After ten years I began to consider myself something of a Londoner, mainly as I finally found Only Fools  & Horses funny. I got hooked and detoxed off of East Enders. I knew who Ant & Dec were. I could wax lyrical about a heat wave that peaked at 19 degrees Celsius and genuinely bemoan the fact that it is indeed raining  again even though that is what it does. Fairly often. I know that Shoreditch is no longer cool.

But is it home? Not sure. I still refer to Jo’burg as home, even though the house I grew up in has long since been sold and my friends and family all live in houses that I do not know like the back of my hand. In my head I can re-trace every each inch of our family home in the northern suburbs and can see in my mind’s eye with perfect clarity exactly how it was before I left ‘for a year’. The wooden stairs up to the study, the framed museum posters on the walls, the sound of the children shrieking in playground of  the school across the road, the heavy garage doors that had a trick to close them. Nothing romantic. Just the day to day sounds of the house.

Now, the street names have changed, the neighbourhoods have developed. The lay of the land is not the same. The last time I drove alone in Jo’burg I panicked as I couldn’t remember the main arteries in and out of the city  and got completely turned around. My pride wouldn’t allow me to ask directions for a good half an hour while I wasted petrol and sanity. Eventually I got over myself and pulled into a petrol station and asked how to get where I was  going. Thankfully South Africans are friendly and helpful as a rule. ‘SJOE! But you are very far away from that place! You need to go straight straight straight for at least twenty minute and then quick quick left by the second robots.’ I left with an accurately drawn map and vowed to get a SatNav next time.  I drive home with tears stinging my eyes, feeling humbled and lost in my own city. It just wasn’t mine any more.

But everything has changed. What once once out of bounds and only know to the cool kids, is now mainstream.  There are new buildings changing the skyline so that my memories do not match the reality of the silhouetted sky. What I imagine home to be like is a collage of fragmented memory and second hand stories. I have no contextual hooks to hang it on. I can’t navigate the place in my head. A few visits every couple of years for a fortnight will not bridge the gap and in that respect it feels less tangible, less real, and almost unattainable. To rely on memory alone is dangerous, its fickle and flawed so what I remember I need to approach with caution. Its flecked with too much nostalgia to be trusted and I need to add more real time experience to balance it out.

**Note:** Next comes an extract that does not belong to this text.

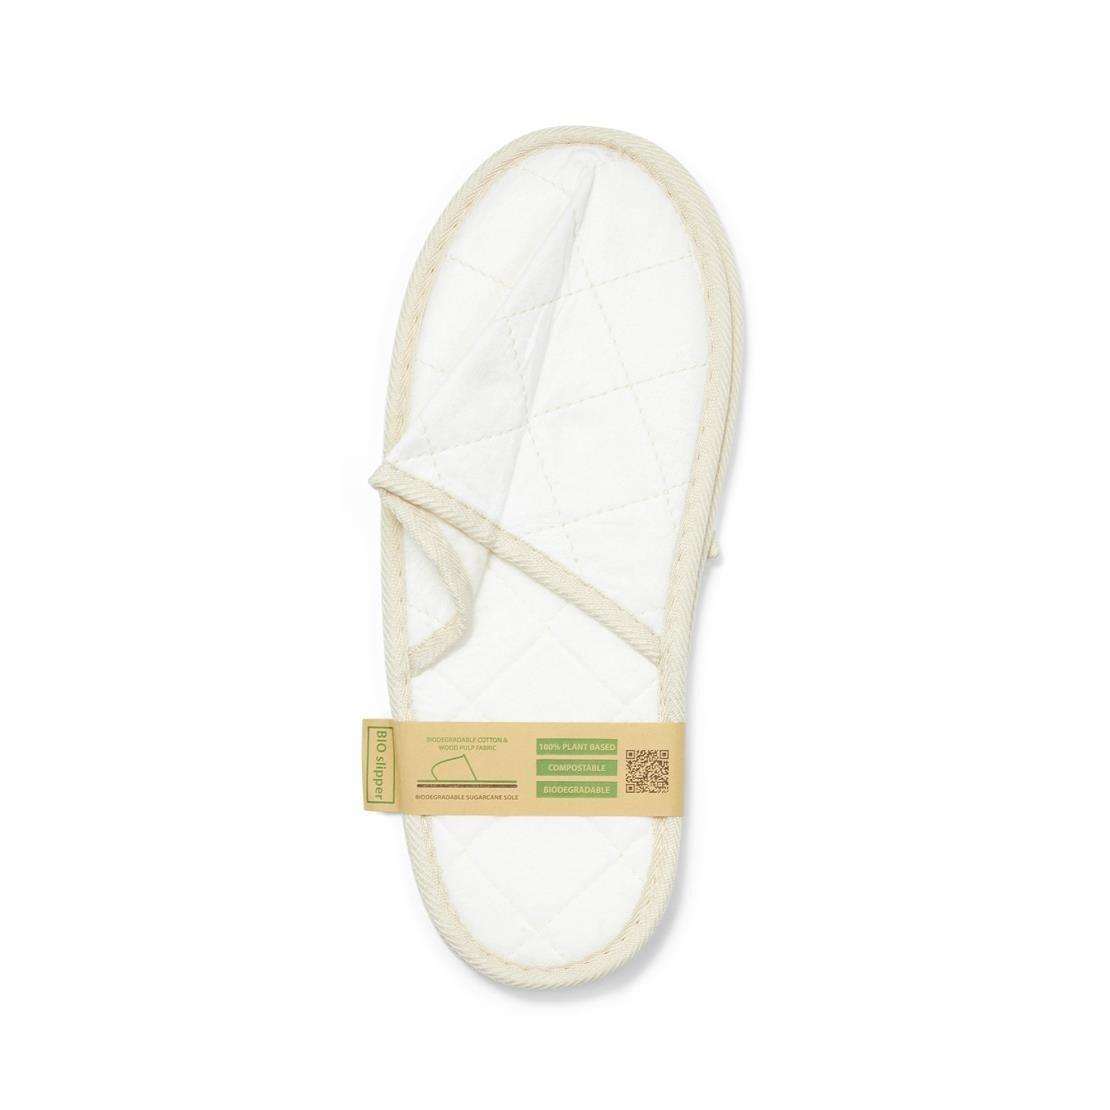 pair of eco friendly spa slippers

So here in Willesden we are setting up camp for now. I am spending more time exploring the neighbourhood and surrounding areas. Getting my bearings. I am inviting friends over, its a quick way to make things feel grounded. I totally see the point of house warmings, you fill the place with love and it immediately feels less alien. Sharing memories and linking back in with the ones that are my foundations here.  The ones who didn’t laugh when I pronounced everything wrong and thought Alan Partridge was an actual real person. Well, no . They did laugh, a lot. But they still speak to me.

I’m not sure I can make peace with being torn between two cities and I’m sure this is going to be a recurring theme on this blog as its something I find I mull over a lot. Particularly when running and that’s usually when the Big Stuff surfaces! No easy solution, but if anyone has any wise words of wisdom I am all ears!